Total Characters:  1735806
Unique Characters:  60


In [39]:
# prepare the dataset of input to output pairs encoded as integers
# Change raw_text to tokens for word2Vec
seq_length = 100
dataX = []
dataY = []
for i in range(0, n_chars - seq_length, 1):
	seq_in = raw_text[i:i + seq_length]
	seq_out = raw_text[i + seq_length]
	dataX.append([char_to_int[char] for char in seq_in])
	dataY.append(char_to_int[seq_out])
n_patterns = len(dataX)
print ("Total Patterns: ", n_patterns)

Total Patterns:  1735706


In [33]:
# reshape X to be [samples, time steps, features]
X = np.reshape(dataX, (n_patterns, seq_length, 1))
# normalize
X = X / float(n_vocab)
# one hot encode the output variable
y = np_utils.to_categorical(dataY)

In [34]:
# define the LSTM model
model = Sequential()
model.add(Embedding(12278, 100, input_length = seq_length))
model.add(LSTM(256, input_shape=(X.shape[1], X.shape[2])))
model.add(Dropout(0.2))

# Extra layer, because computers need to work
#model.add(LSTM(256))
#model.add(Dropout(0.2))

model.add(Dense(y.shape[1], activation='softmax'))
model.compile(loss='categorical_crossentropy', optimizer='adam')

In [36]:
# define the checkpoint - keep the best one
filepath="char-textgen-weights-improvement-{epoch:02d}-{loss:.4f}.hdf5"
checkpoint = ModelCheckpoint(filepath, monitor='loss', verbose=1, save_best_only=True, mode='min')
callbacks_list = [checkpoint]

### Fit and run!


In [None]:
model.fit(X, y, epochs=5, batch_size=128, callbacks=callbacks_list)

We are using the below to save the model and move it over to Streamlit for deployment.

In [None]:
tf.keras.models.save_model(model, "saved_final_model.hp5", save_format="h5")

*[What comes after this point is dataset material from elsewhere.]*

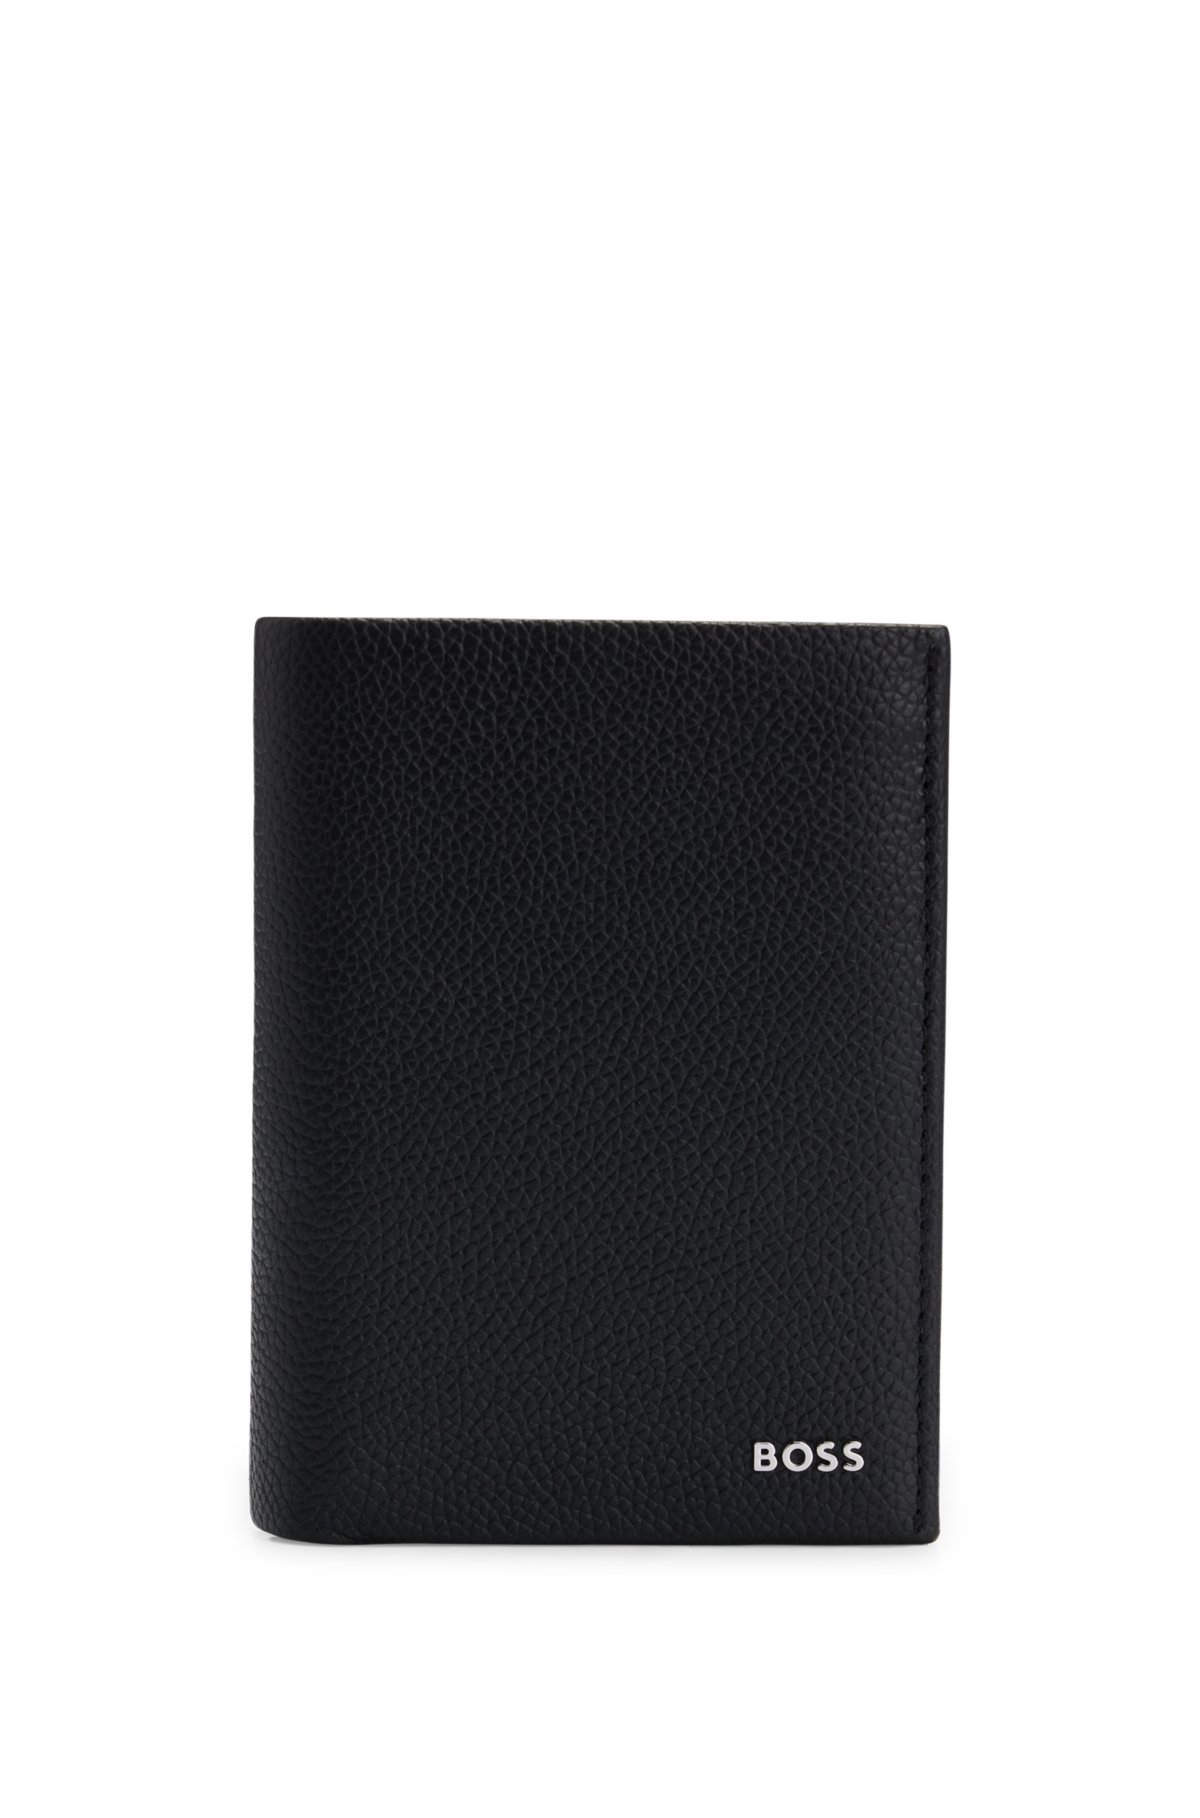 BOSS - グレインレザー カードホルダー ポリッシュシルバー レタリングロゴ
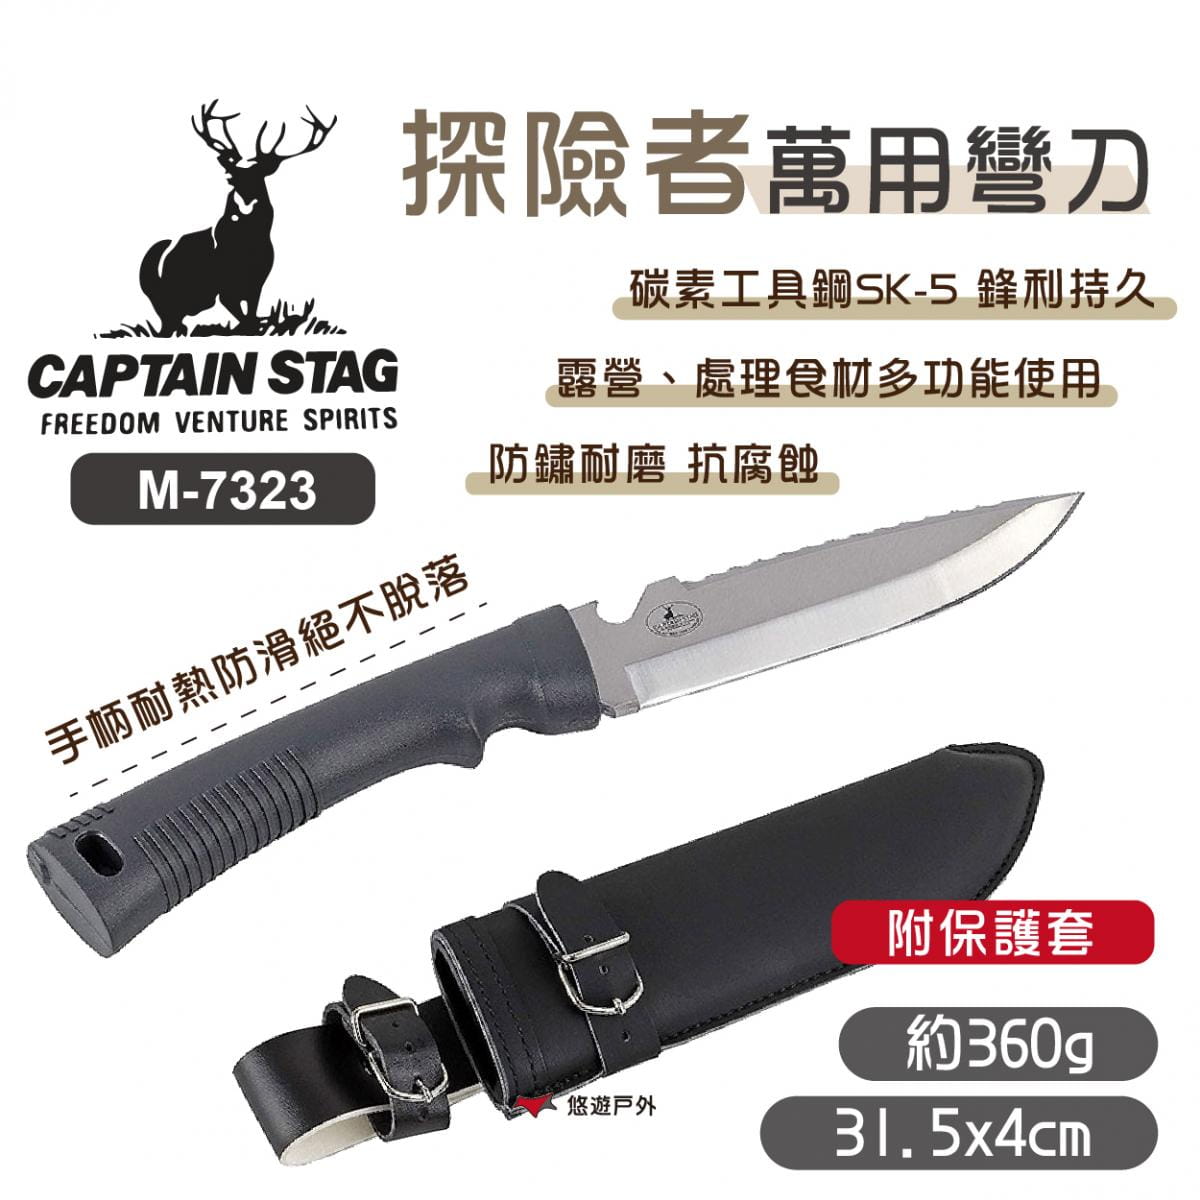 【日本鹿牌】探險者萬用彎刀(帶套) M-7323 (悠遊戶外) 0

The below is for loading the weights and then generating text from it.

In [135]:
# load the network weights
best_model = "../code/word-textgen-weights-improvement-20-6.8268.hdf5"
model.load_weights(best_model)
model.compile(loss='categorical_crossentropy', optimizer='adam')

In [136]:
int_to_char = dict((i, c) for i, c in enumerate(chars))

In [None]:
# pick a random seed
start = np.random.randint(0, len(dataX)-1)
pattern = dataX[start]
print ("FADE IN:")
# include a space in the join statement if doing word2Vec
print ("\"", ''.join([int_to_char[value] for value in pattern]), "\"")

# generate characters
for i in range(50):
	x = np.reshape(pattern, (1, len(pattern), 1))
	x = x / float(n_vocab)
	prediction = model.predict(x, verbose=0)
	index = np.argmax(prediction)
	result = int_to_char[index]
	seq_in = [int_to_char[value] for value in pattern]
	sys.stdout.write(result)
	pattern.append(index)
	pattern = pattern[1:len(pattern)]
print ("\nFADE OUT.")

### Evaluations

The first running of the text generation model involved some hilarious outcomes, namely the fact that, after a while, the only word being produced was, "to". I can't say it's a roaring success, but it has been fun to try! I deployed a char2Vec model on Streamlit, which you can also find in this repo.

The word2Vec model began spewing either the word "the" or "thicker" repeatedly at the end, which is not useful. It seems to only work for around 50 words before it becomes unintelligible. And it also doesn't keep the general structure of a screenplay, which is an issue in itself.